# Pressure washing black soffits



## Gracobucks (May 29, 2011)

I have a customer that has black metal soffits, I have washed them twice but when they dry they still have a film of dirt on them. I tried once with a all purpose pressure washer cleaner from home depot and once with just water. 

Is there a trick to get these clean? Special cleaner?


----------



## Holland (Feb 18, 2011)

Gracobucks said:


> I have a customer that has black metal soffits, I have washed them twice but when they dry they still have a film of dirt on them. I tried once with a all purpose pressure washer cleaner from home depot and once with just water.
> 
> Is there a trick to get these clean? Special cleaner?


Is it dirt or mildew? 

I've never seen black soffits, so having trouble picturing it, however, white gutters can stain permanently sometimes. 

Mildew needs to be treated differently than dirt.


----------



## Gracobucks (May 29, 2011)

It's just dirt. Seems like the water is pulling the bust out from inside the soffit and drying with a haze.


----------



## Gracobucks (May 29, 2011)

Looks like the soffit in this picture.


----------



## Holland (Feb 18, 2011)

Gracobucks said:


> Looks like the soffit in this picture.


That's all you can do, the customer will hopefully understand. Unless you want to hand clean with a sponge or something. 
Probably best to minimize water into the soffit vents.


----------



## Gracobucks (May 29, 2011)

Holland said:


> Gracobucks said:
> 
> 
> > Looks like the soffit in this picture.
> ...


Thank you for the info. That's what i figured. I told the customer it will take a few washes to get clean.


----------



## stelzerpaintinginc. (May 9, 2012)

Make your last spray pass with the pressure washer at an extreme angle, (150°-175°)
and keep that angle consistent throughout the entire soffit, and stay 2-3 times as far away from the surface as you normally would when washing. Just before the water dries, go over it with an 18" swiffer sweeper and clean microfiber cloth to wipe any residual drips from weep holes. It adds maybe 3-5 minutes of total time per side at most. Much faster than repeated washings.


----------



## Gracobucks (May 29, 2011)

stelzerpaintinginc. said:


> Make your last spray pass with the pressure washer at an extreme angle, (150°-175°)
> and keep that angle consistent throughout the entire soffit, and stay 2-3 times as far away from the surface as you normally would when washing. Just before the water dries, go over it with an 18" swiffer sweeper and clean microfiber cloth to wipe any residual drips from weep holes. It adds maybe 3-5 minutes of total time per side at most. Much faster than repeated washings.
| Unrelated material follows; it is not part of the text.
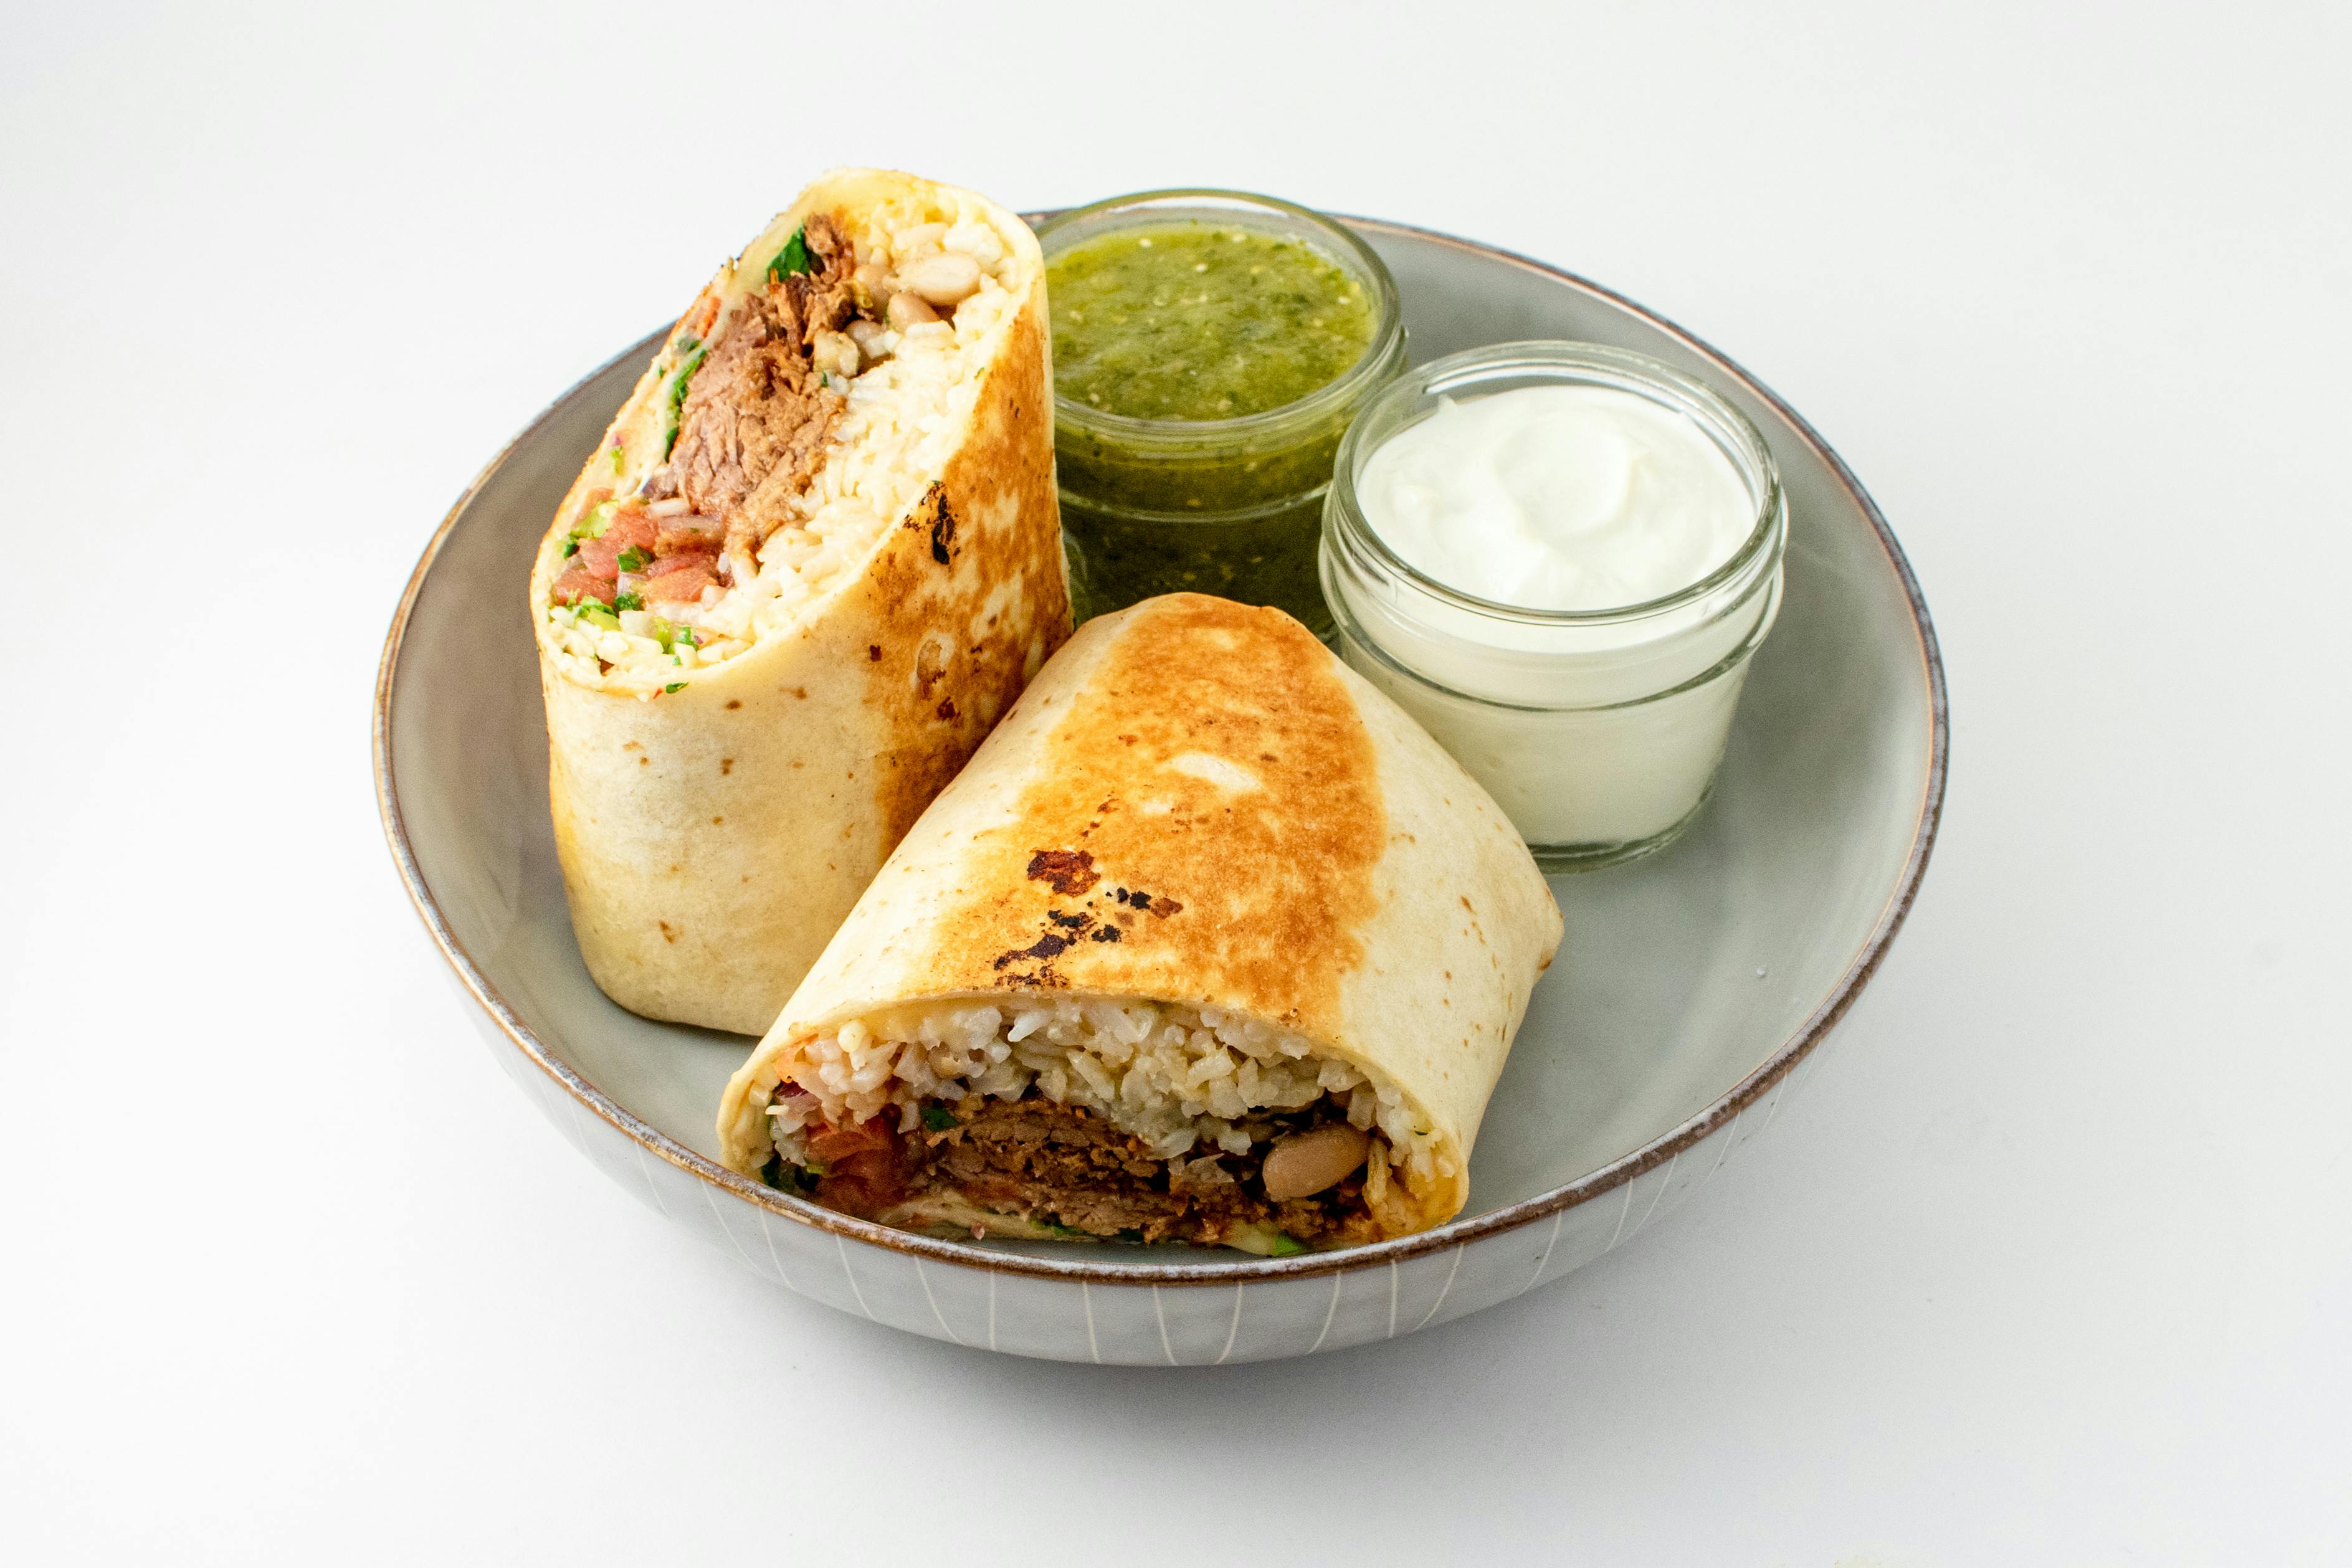 12 Hour Brisket Burrito from Taco Royale - University Ave in Cedar Falls, IA

Thank you, I never thought of using a Swaffer sweeper. I'll give that try


----------



## APPNW (Jul 9, 2019)

Had a job similar to this problem. No matter how much water i tossed up at the soffits, it simply loosened more dirt to rain back down. We had to get 2 buckets and some sponges. Wipe with cleaner sponge, wipe with water sponge. Rinse, repeat every 3 or 4 feet.


----------



## Lightningboy65 (Mar 12, 2018)

Just like a black car...shows all the dirt. That same film is present on every other job, you just don't notice it on a lighter color. The black background makes it stick out. Stelzer has the right idea, a microfiber mop may work just as well. That Swifter stuff gets expensive.


----------



## Wildbill7145 (Apr 30, 2014)

Lightningboy65 said:


> That Swifter stuff gets expensive.



You think that's expensive, try the Enjo cleaning system stuff. It's the new Tupperware party type thing. Few years ago my wife paid $40 for a dish scrub sponge. She showed me the catalogue and I think a dust mop was $240! Quite the fad up here at this point though.


----------



## Lightningboy65 (Mar 12, 2018)

Wildbill7145 said:


> You think that's expensive, try the Enjo cleaning system stuff. It's the new Tupperware party type thing. Few years ago my wife paid $40 for a dish scrub sponge. She showed me the catalogue and I think a dust mop was $240! Quite the fad up here at this point though.


Must be part of the "green clean" fad that has swept across the land as of late.

I think they call it green because it lines the companies pockets that produce such products with plenty of the green!:surprise:


----------



## Wildbill7145 (Apr 30, 2014)

Lightningboy65 said:


> Must be part of the "green clean" fad that has swept across the land as of late.
> 
> I think they call it green because it lines the companies pockets that produce such products with plenty of the green!:surprise:



Yup. She wasn't happy when she found the dogs had grabbed the thing and were tearing it apart on the back deck. Dish scrubbers must be pretty yummy. For dogs.


----------